Nslookup command – five easy examples

Nslookup command explained

The Nslookup command is a commonly used tool with a command-line interface. Usually, it is applied for DNS probing. Nslookup command is perfect if you want to check a domain name, its IP address, and various DNS records. The great benefit is that it is typically pre-built on almost every OS. Additionally, the Nslookup command presents clean and straightforward answers. 

Nslookup command – How to start it?

For macOS

1. Press the command button and the Spacebar button.

2. Search the name of the app – Terminal.

3. Now, you are able to write Nslookup commands.

For Windows

1. Press the Windows key and the letter “R” to start the run application.

2. Type “cmd” and press “Ok.”

3. Now, you are able to use the Nslookup command. 

Let’s see the examples below.

Examples

Without additional options

nslookup domain.com

That is the basic Nslookup command, and it will provide an answer with the IPv4 and the IPv6 addresses of the domain you want. You will receive a short answer with only the required IP address. Additional information about the A or AAAA records like TTL values is not included.

Nslooup for any type of DNS

nslookup -type=any domain.com

With this version of the Nslookup command, you will quickly receive all of the available DNS records for a particular domain name. That could include A, AAAA, MX, NS, SOA, and TXT, such as the SPF record. The query could take a little more time, but when it is answered, you will be able to view the content of all the DNS records for this hostname. Thus, it is perfect for when you want to acknowledge the bigger picture and make a more specific query afterward. To accomplish that, you just have to change the part “any” with the particular DNS record type you want to see.

Nslookup with IP address

Nslookup 132.117.14.138

You can perform a Reverse DNS lookup with the IP address. It doesn’t matter if it is an IPv4 or IPv6 address. It is easy to view the host corresponding to that IP address. 

Nslookup and timeout in seconds

nslookup -timeout=30 domain.com

Whit this Nslookup command, you can define a 30-second interval for waiting for a response. Make sure to give more time for receiving an answer from a nameserver located further away. You can adjust the number as you prefer.

Nslookup command and port number

nslookup -port=43 domain.com

You can define which port number to use for a particular query. Additionally, you can check if a chosen port operates accurately or see if you have correctly blocked another. Feel free to replace the number and test yourself. 

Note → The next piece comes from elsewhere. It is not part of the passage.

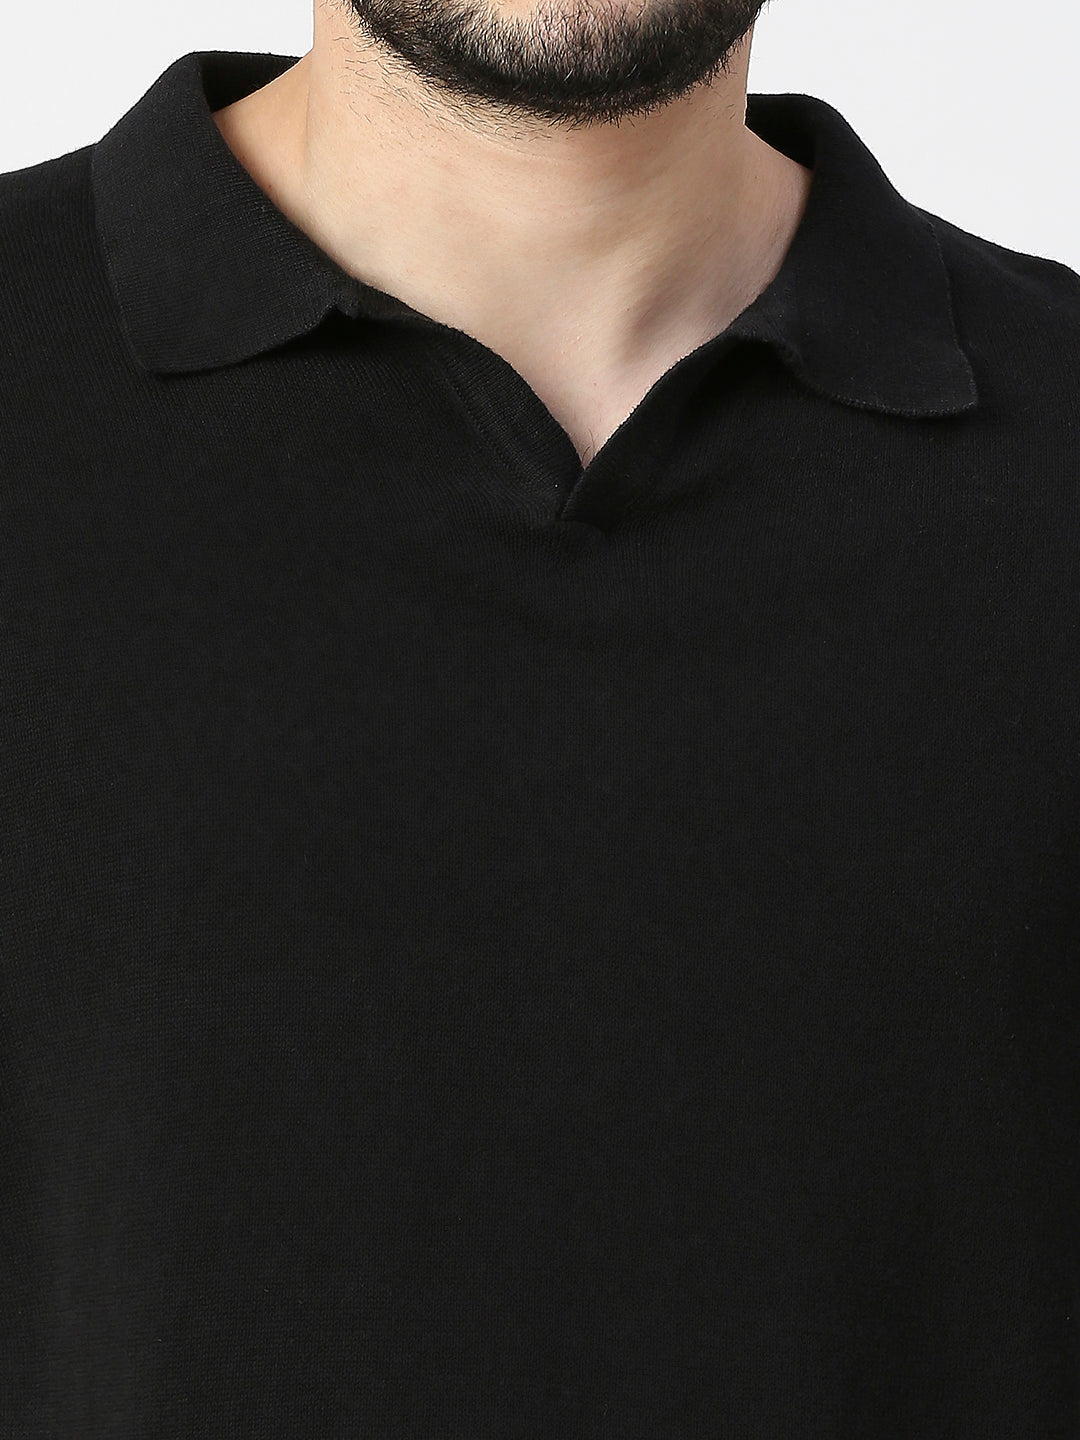 Buy Blamblack Solid Black Flat Knit Polo Tshirt

*Just change the domain name with the one you want to check or perform Reverse DNS with the IP address you desire. As we mentioned, it could be an IPv4 or IPv6 address. Try the commands by simply copy and paste with the domain name you want.

Conclusion

The Nslookup command is a very simple and, at the same time, very effective tool for domain probing. The best part is that it is already installed on your device. So, go on and try it out!